Let's say you start with the following mock DataFrame:
In [21]: df = pd.DataFrame(
...: {
...: 'appln_id': range(10),
...: 'cpc_class_symbol': [
...: ['ABC', 'DEF', 'Y02_foo'],
...: ['Y02_bar', 'ABC', 'DEF', 'XYZ'],
...: ['ABC'],
...: ['XYZ'],
...: [],
...: ['Y02'],
...: ['ABC', 'Y02_foo'],
...: ['ABC', 'XYZ'],
...: ['ABC', 'DEF', 'XYZ'],
...: ['Y02_foo', 'XYZ'],
...: ],
...: },
...: )
In [22]: df
Out[22]:
appln_id cpc_class_symbol
0 0 [ABC, DEF, Y02_foo]
1 1 [Y02_bar, ABC, DEF, XYZ]
2 2 [ABC]
3 3 [XYZ]
4 4 []
5 5 [Y02]
6 6 [ABC, Y02_foo]
7 7 [ABC, XYZ]
8 8 [ABC, DEF, XYZ]
9 9 [Y02_foo, XYZ]
If you use df['cpc_class_symbol'].explode() you will end up with a Series where each list item is in a separate row:
In [23]: df['cpc_class_symbol'].explode()
Out[23]:
0 ABC
0 DEF
0 Y02_foo
1 Y02_bar
1 ABC
1 DEF
1 XYZ
2 ABC
3 XYZ
4 NaN
5 Y02
6 ABC
6 Y02_foo
7 ABC
7 XYZ
8 ABC
8 DEF
8 XYZ
9 Y02_foo
9 XYZ
Name: cpc_class_symbol, dtype: object
The index of the Series shows the original row labels. Now, you can use the str accessor of the Series to check whether it startswith a certain string or not.
In [24]: df['cpc_class_symbol'].explode().str.startswith('Y02')
Out[24]:
0 False
0 False
0 True
1 True
1 False
1 False
1 False
2 False
3 False
4 NaN
5 True
6 False
6 True
7 False
7 False
8 False
8 False
8 False
9 True
9 False
Name: cpc_class_symbol, dtype: object
What you want to do is to group this Series by the index and check whether any of the items for the corresponding index is True.
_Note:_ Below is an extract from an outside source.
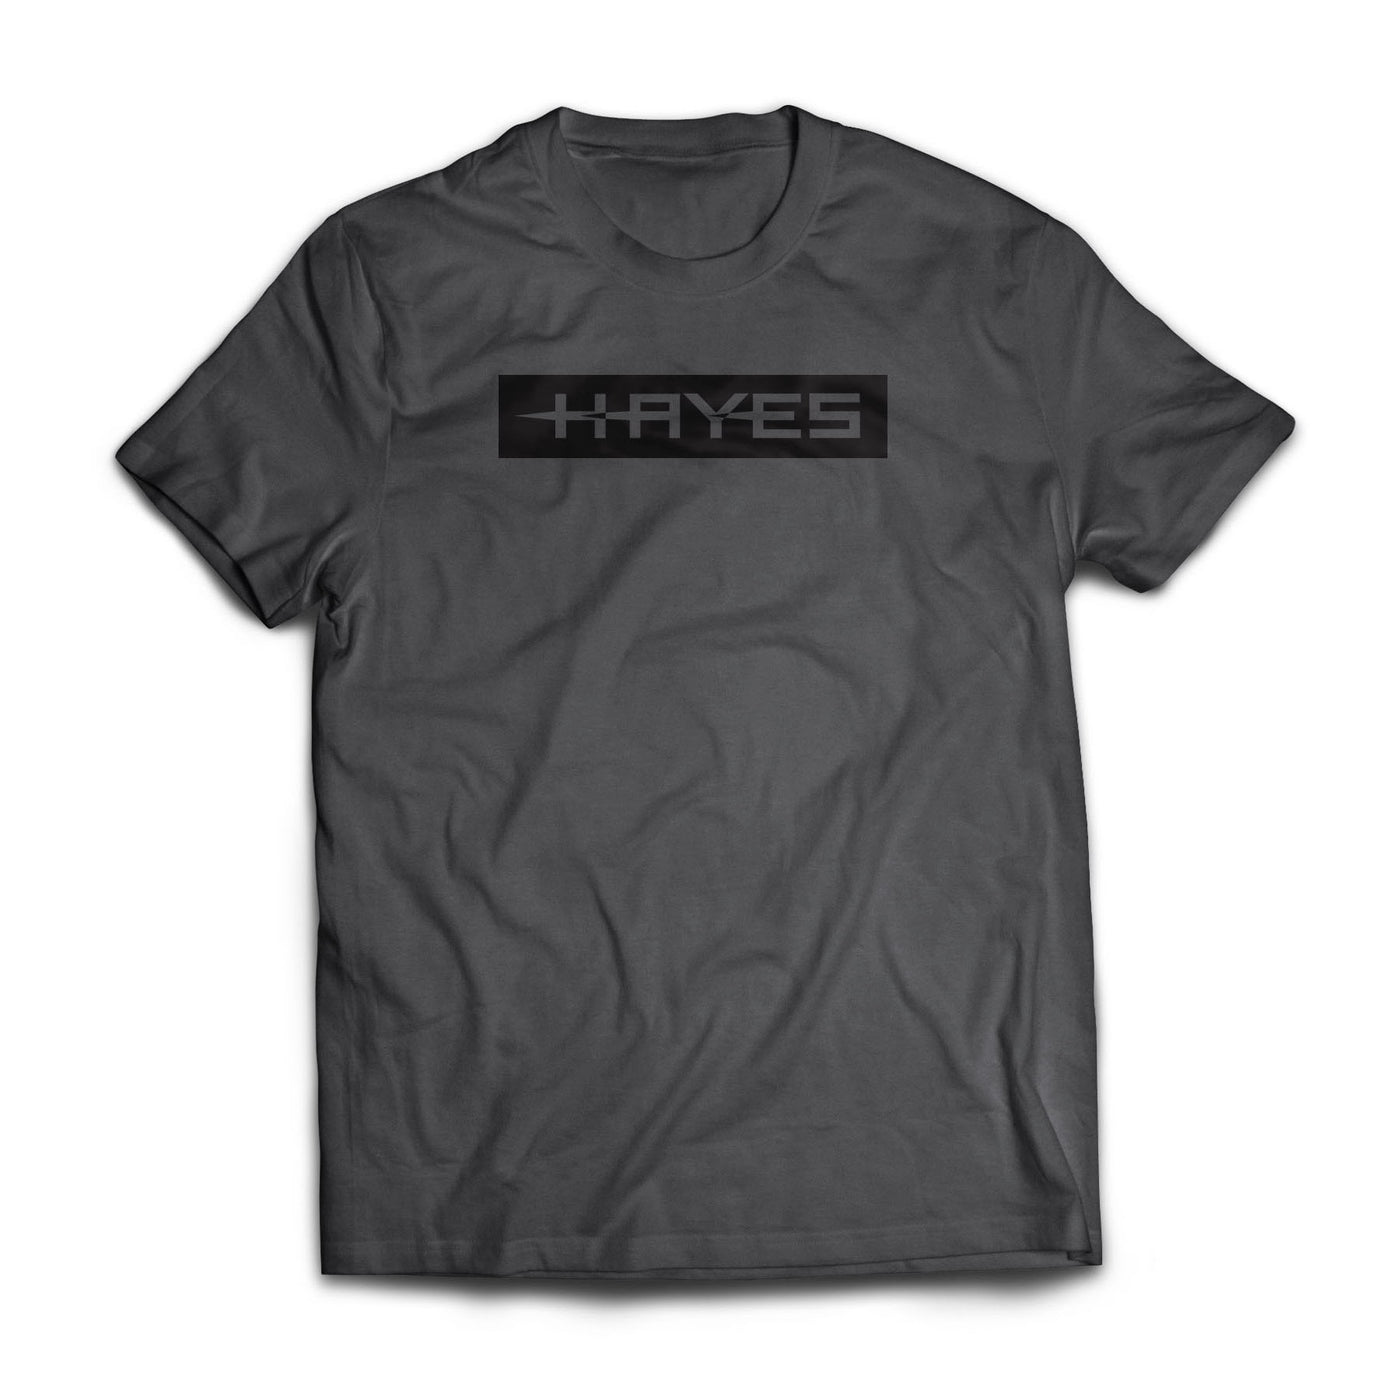 Hayes Disc Brakes | Hayes Block T-Shirt - Small

You can do that with Series.groupby:
In [25]: df['cpc_class_symbol'].explode().str.startswith('Y02').groupby(level=0).any().astype('int')
Out[25]:
0 1
1 1
2 0
3 0
4 0
5 1
6 1
7 0
8 0
9 1
Name: cpc_class_symbol, dtype: int64
Here, groupby(level=0) refers to the first level of the index (in your case you only have one level so it basically means group by the index). You can assign this back to the DataFrame with
df['Y02_bin'] = df['cpc_class_symbol'].explode().str.startswith('Y02').groupby(level=0).any().astype('int')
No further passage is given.